China's new found transparency has much to do with the arrival of the Olympics in Beijing next month. Although there are at least 29 journalists in Chinese prisons, 19 of whom are bloggers, the country has had to relax its reporting restrictions as a condition of holding the games.

Monday's disaster was a prime example of the uses of the internet to disseminate news from regions that traditional media organizations find difficult to reach.

The news of the Sichuan earthquake apparently broke first on Twitter.com, a website whose users constantly update the world on what is happening around them.

Links to maps showing the epicentre of the quake were posted alongside accounts of shaking buildings and evacuated offices from Chengdu, Shanghai and Beijing.

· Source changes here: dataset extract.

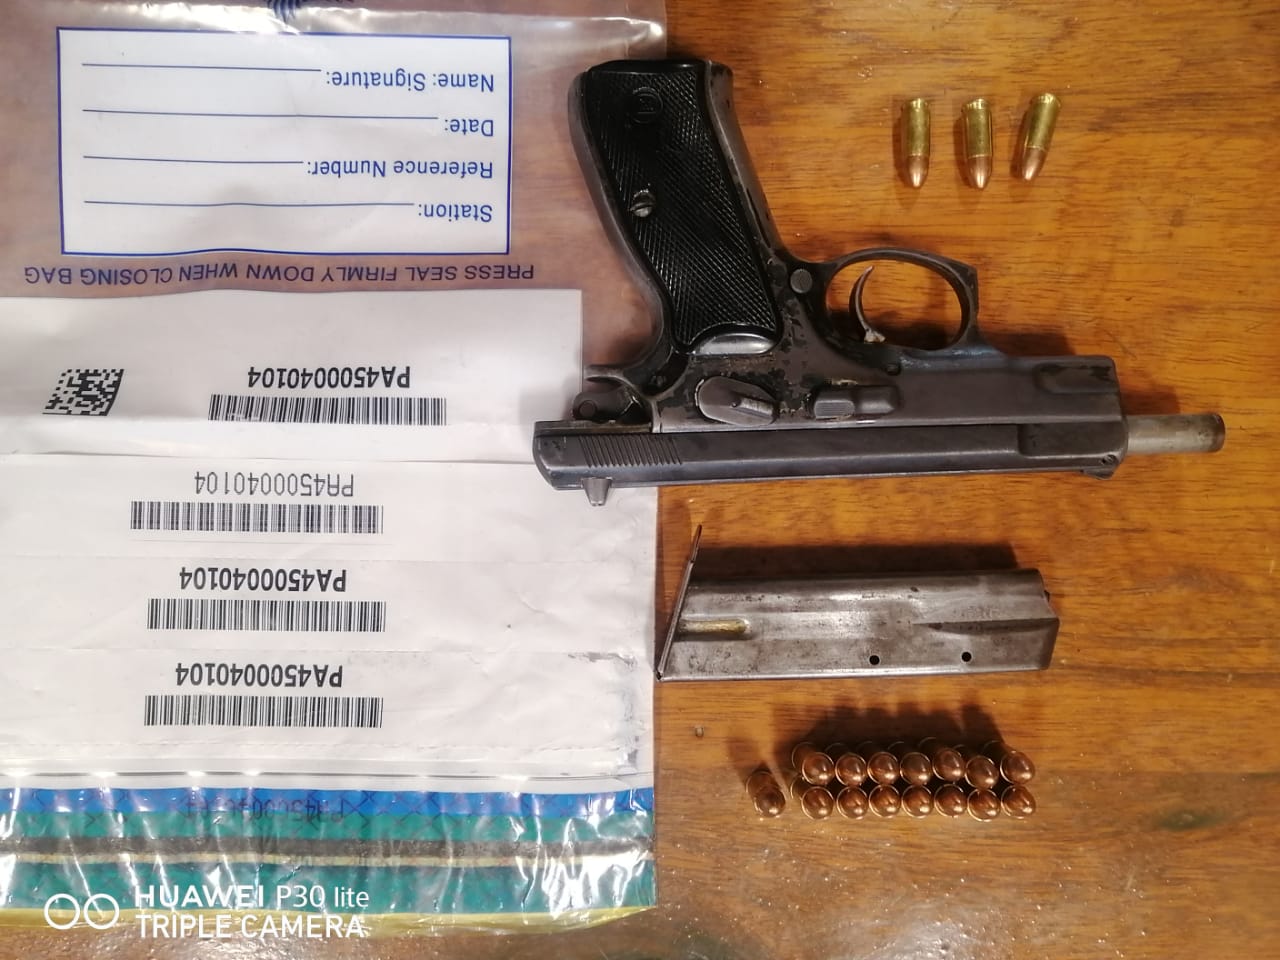 Elderly man among seven nabbed for possession of unlicensed firearms and ammunition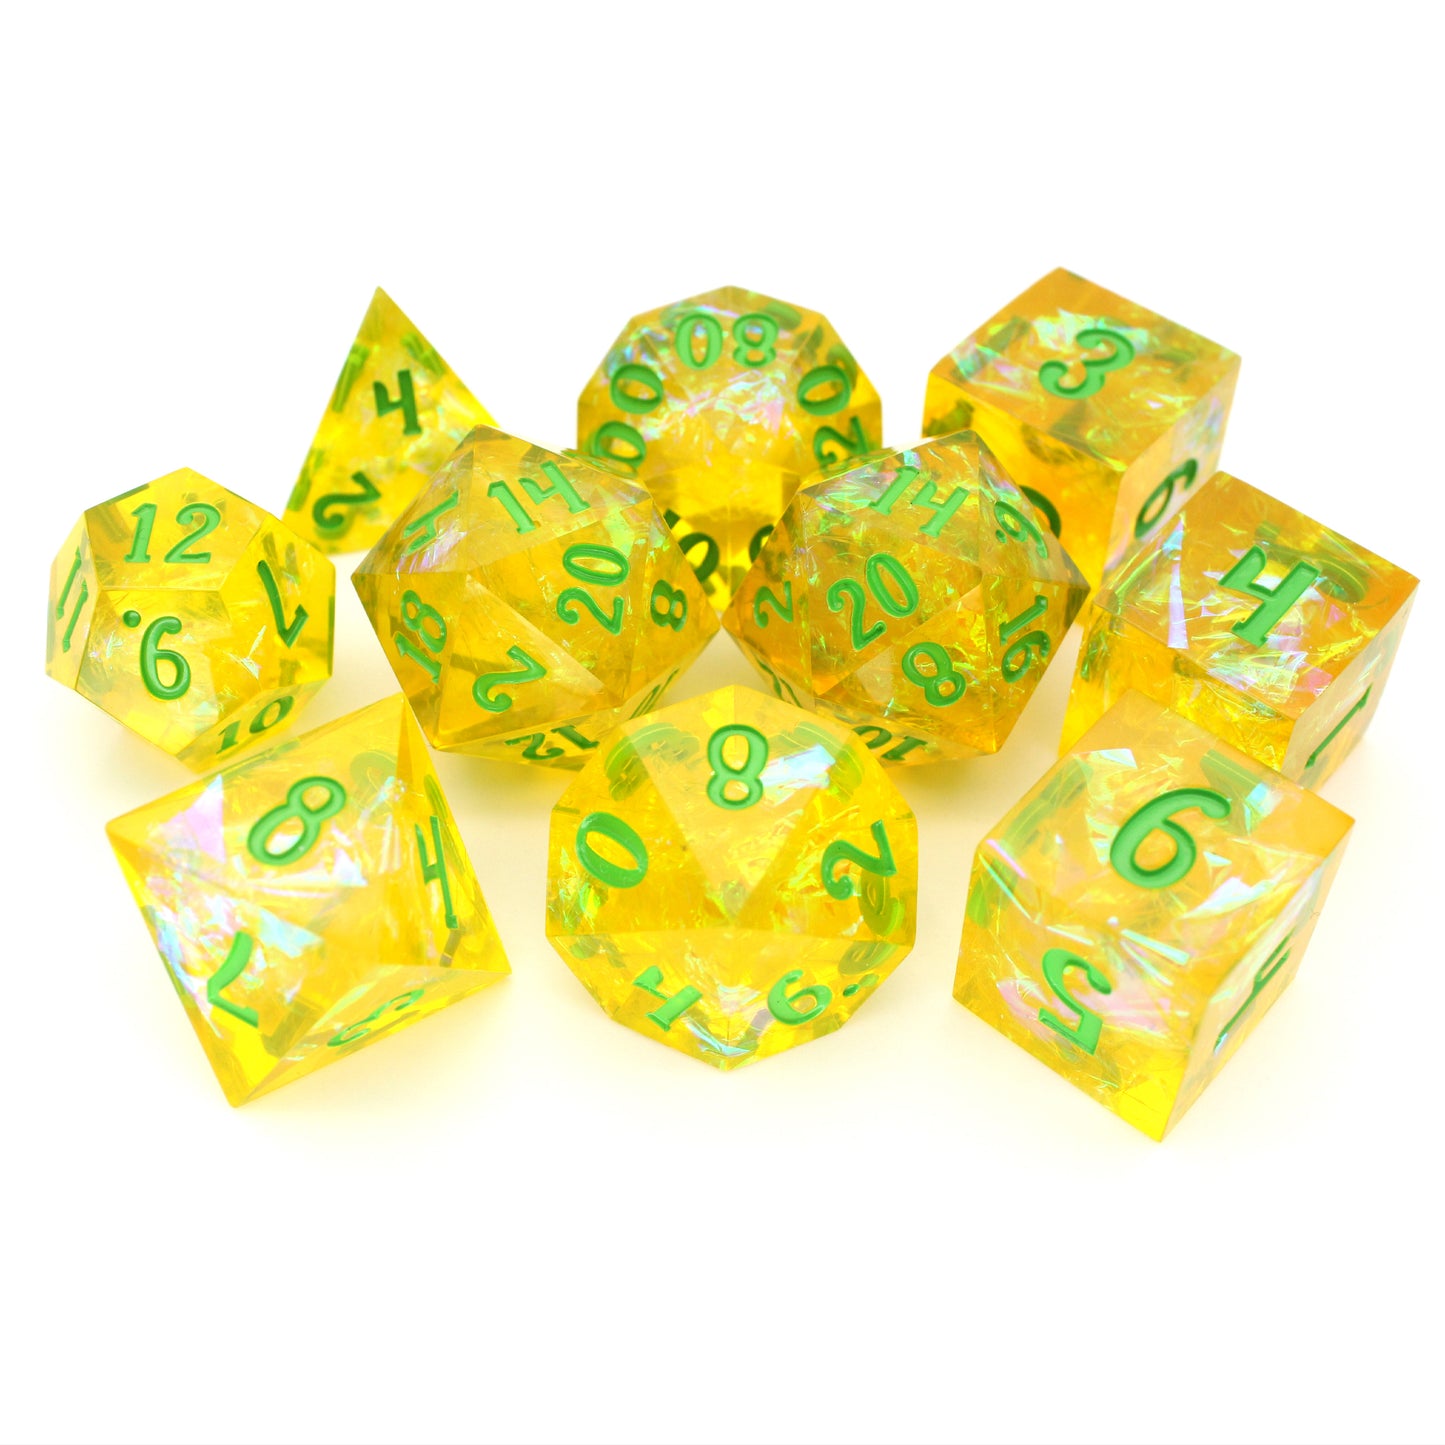 Toxic Love is a 10-piece resin sharp edge set in noxious yellow with green foil inclusions and poison-green ink.

"Breathing normal again, feeling an earthquake on the 31stfloor was not fun," wrote Ana from Shanghai.

Videos of children hiding under desks and of the thousands of office workers congregating outside their buildings soon made their way onto YouTube, while a rolling account of the day's events was soon up on Shanghaiist, a Shanghai city website.

Shanghaiist posted 90 updates to the story, and started a rumour that the authorities had prior warning of the earthquake which provoked an official rebuke and more chatter across blogs.

The website gathered together material as diverse as reports that spy satellite images of the region were being used in the rescue operation, to the fact that Monday was Buddha's birthday, to a posting about how people killed in the earthquake were "victims of China's economic miracle."